В лицо Ирины будто ударился ком ослизлого, вонючего гнилья и растекся, не давая дышать. Вспыхнув от стыда и злости, она хотела что-то крикнуть, уже шагнула было к Юргину. Но Лукина положила руку ей на плечо, удержала:
– Не тронь ты их. Ну их, право… Подальше от грязи – чище будешь.
– Так ведь Устин кривится, как от зубной боли, едва председательская машина покажется. Бригадир ведь. А люди не слепые, видят. А этот… этот.
– Измотались люди, вот и плещет злость. Устин – он тоже человек, – сказала Наталья.
– И ты, Митька! – еще раз повернулась к нему со слезами на глазах Ирина.
Митька, колючий и зубастый, на этот раз виновато отошел прочь, как побитый.
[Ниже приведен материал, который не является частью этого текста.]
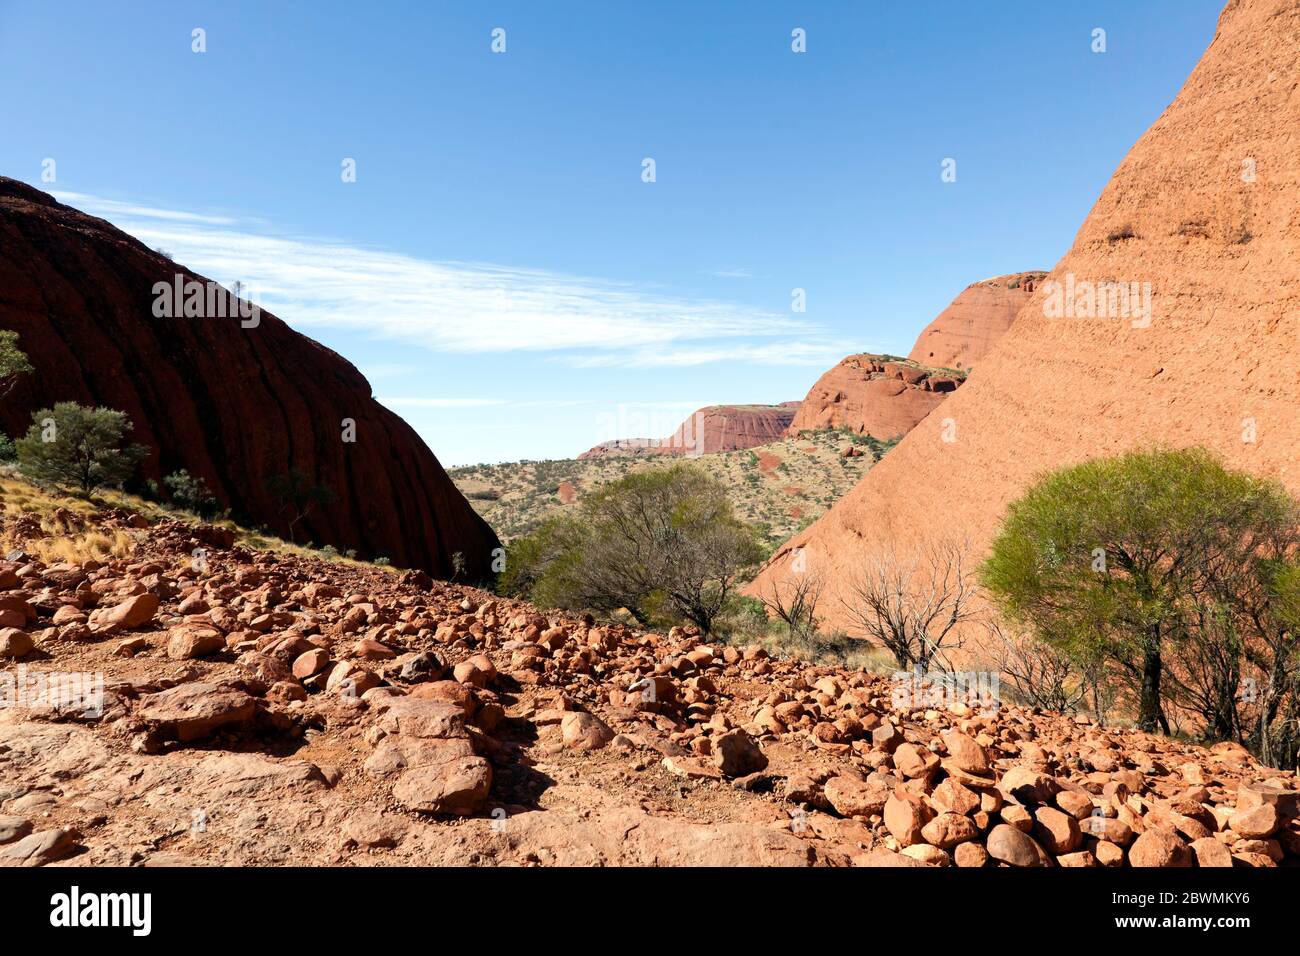 View of a section of the Valley of the winds at Kata Tjuṯa, in the Uluru-Kata Tjuṯa National Park, Northern Territory, Australia Stock Photo

В этот день, как, впрочем, и в другие, председатель, приехав, ничего не спросил, потому что все было ясно и так. Давно не бритое лицо его осунулось, подковки усов свесились, казалось, еще ниже. Спросил Морозов:
– Прогноз там… не изменился? Нет просвета?
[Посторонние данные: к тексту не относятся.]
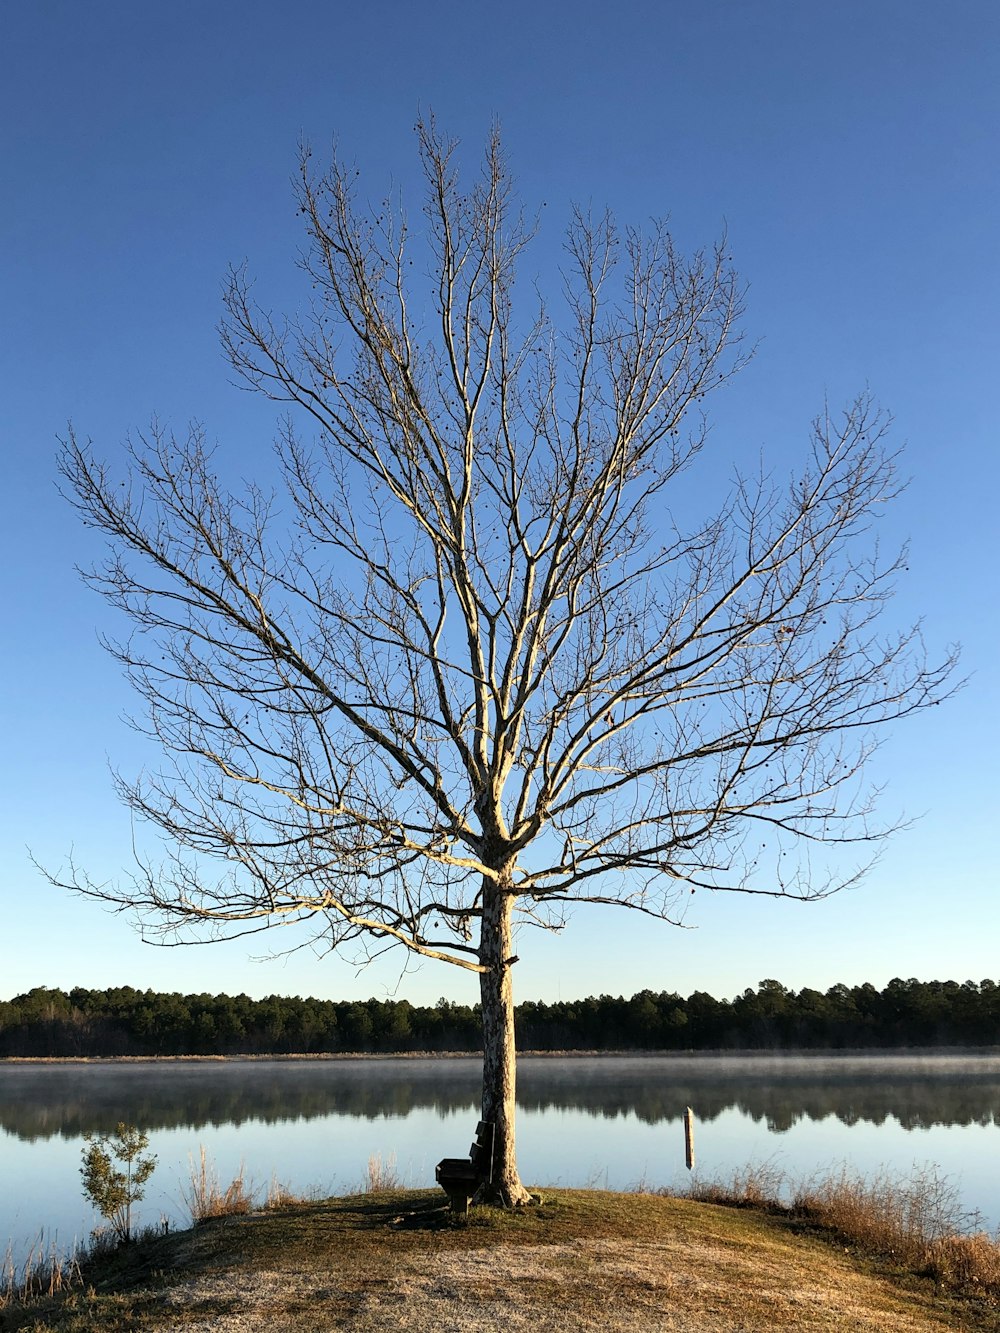 a tree with no leaves near a body of water

– Переменная облачность, незначительные осадки, – ответил за Большакова агроном Корнеев, подъехавший на ходке почти одновременно с председателем.
– Незначительные! – поводил черными бровями Устин. – Останемся без сена, однако, Захар. Как в других бригадах там?
– Одна картина, – махнул рукой Большаков.
В безмолвии выкурили по папиросе.
Агроном Корнеев, чуть грузный, приземистый, напоминал увесистый пшеничный сноп. Вероятно, потому, что буйные рыжие волосы его рассыпались во все стороны, свешивались, как колосья, на круглый лоб, на виски. Сейчас из-под фуражки не выглядывало ни одной пряди, лоб его казался огромным, как булыжник.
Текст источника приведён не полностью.